First law of thermodynamics situation

[fluidistic]

Hi,
My mind has been blown up recently when I came across this thread: https://www.physicsforums.com/showthread.php?t=372533.

I'd like some explanations about something.

Imagine an insulated tank filled with hydrogen and oxygen at 100°C (or greater if possible) and 1 atm.
Now a spark starts on.
Imagine that all the gas transformed into H_20. The temperature must increase as I've been told, so that the water is under the gas form (despite the fact that at higher pressure water needs to be put at more than 100°C).

From the first law of thermodynamics, I know that \Delta U = Q-W. In this case, Q and W are worth 0 J because no heat is exchanged within the surroundings of the system and the volume remains constant. So still according to the first law, \Delta U=0 J.
However, in Resnick-Halliday, it is clearly stated that the internal energy of a gas is directly proportional to its temperature and is only temperature dependent. Hence an increase of temperature means an increase of internal energy.
Hence according to this book, I'm tempted to say that the system has gained energy.
It is in contradiction with the first law.
What's going on?

Thanks a lot in advance, I really need to know!

 

[Matterwave]

I think, in this case, you must use a more generalized form of the first law.

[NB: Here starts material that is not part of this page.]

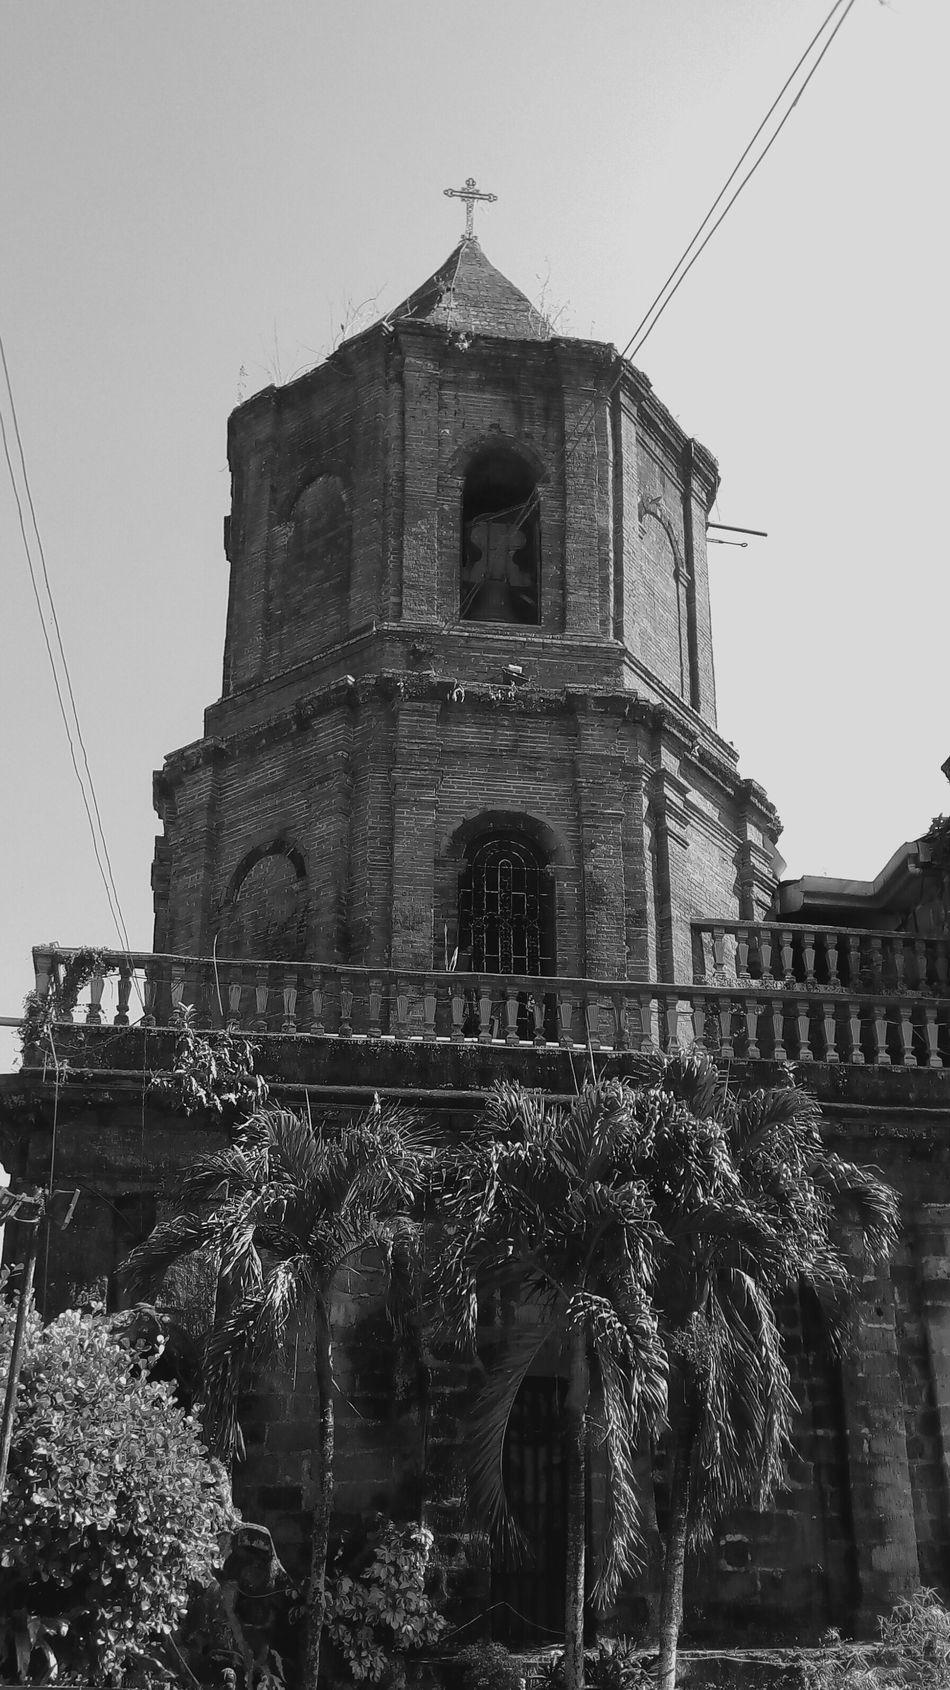 Pila Bell Tower Church Bell Tower Churchyard Black & White Eyeem Black And White Heritage Site Blackandwhite Photography Blackandwhite Church Front Black And White Old Church Bell Cross

N changes in this reaction, so your first law must include the mu*dN term (where mu is the chemical potential, N is the number of particles). I'm not sure what else, but the form of the first law that you used makes a few assumptions on what parameters are changeable in your system (e.g. it assumes N stays constant, and perhaps some other stuff).

 

[mikelepore]

However, in Resnick-Halliday, it is clearly stated that the internal energy of a gas is directly proportional to its temperature and is only temperature dependent.

That's based on the assumption that internal energy is the sum of the kinetic energy of all particles. How could they claim such a thing? It's allowed because internal energy is never defined in an absolute sense, because chemical and nuclear energy would have to be included, and they are omitted. So we are talking only about a change in internal energy during a process, not the absolute amount of internal energy. If an exothermic or endothermic chemical reaction occurs, the assumption that makes the first law possible would no longer be valid.

delta U = Q-W is like saying the increase in a bank account balance equals deposits minus withdrawals. If you have a chemical reaction that releases heat, that's like earning some interest on the money, so the balance sheet no longer adds up.

 

[fluidistic]

That's based on the assumption that internal energy is the sum of the kinetic energy of all particles. How could they claim such a thing? It's allowed because internal energy is never defined in an absolute sense, because chemical and nuclear energy would have to be included, and they are omitted. So we are talking only about a change in internal energy during a process, not the absolute amount of internal energy. If an exothermic or endothermic chemical reaction occurs, the assumption that makes the first law possible would no longer be valid.

delta U = Q-W is like saying the increase in a bank account balance equals deposits minus withdrawals. If you have a chemical reaction that releases heat, that's like earning some interest on the money, so the balance sheet no longer adds up.

Thanks a lot. Very clear explanation. I'm having a good wake-up.

 

[mikelepore]

To put it another way, the kinetic theory of gases begins by assuming that the particles will rarely interact with each other at all, and that the main thing the particles will do is travel in straight lines in between when they bounce off the container walls. In the rare cases where the particles do interact with each other, the only kind of interactions among them will be perfectly elastic collisions. Such a theory isn't intended to study a case where chemical reactions are happening.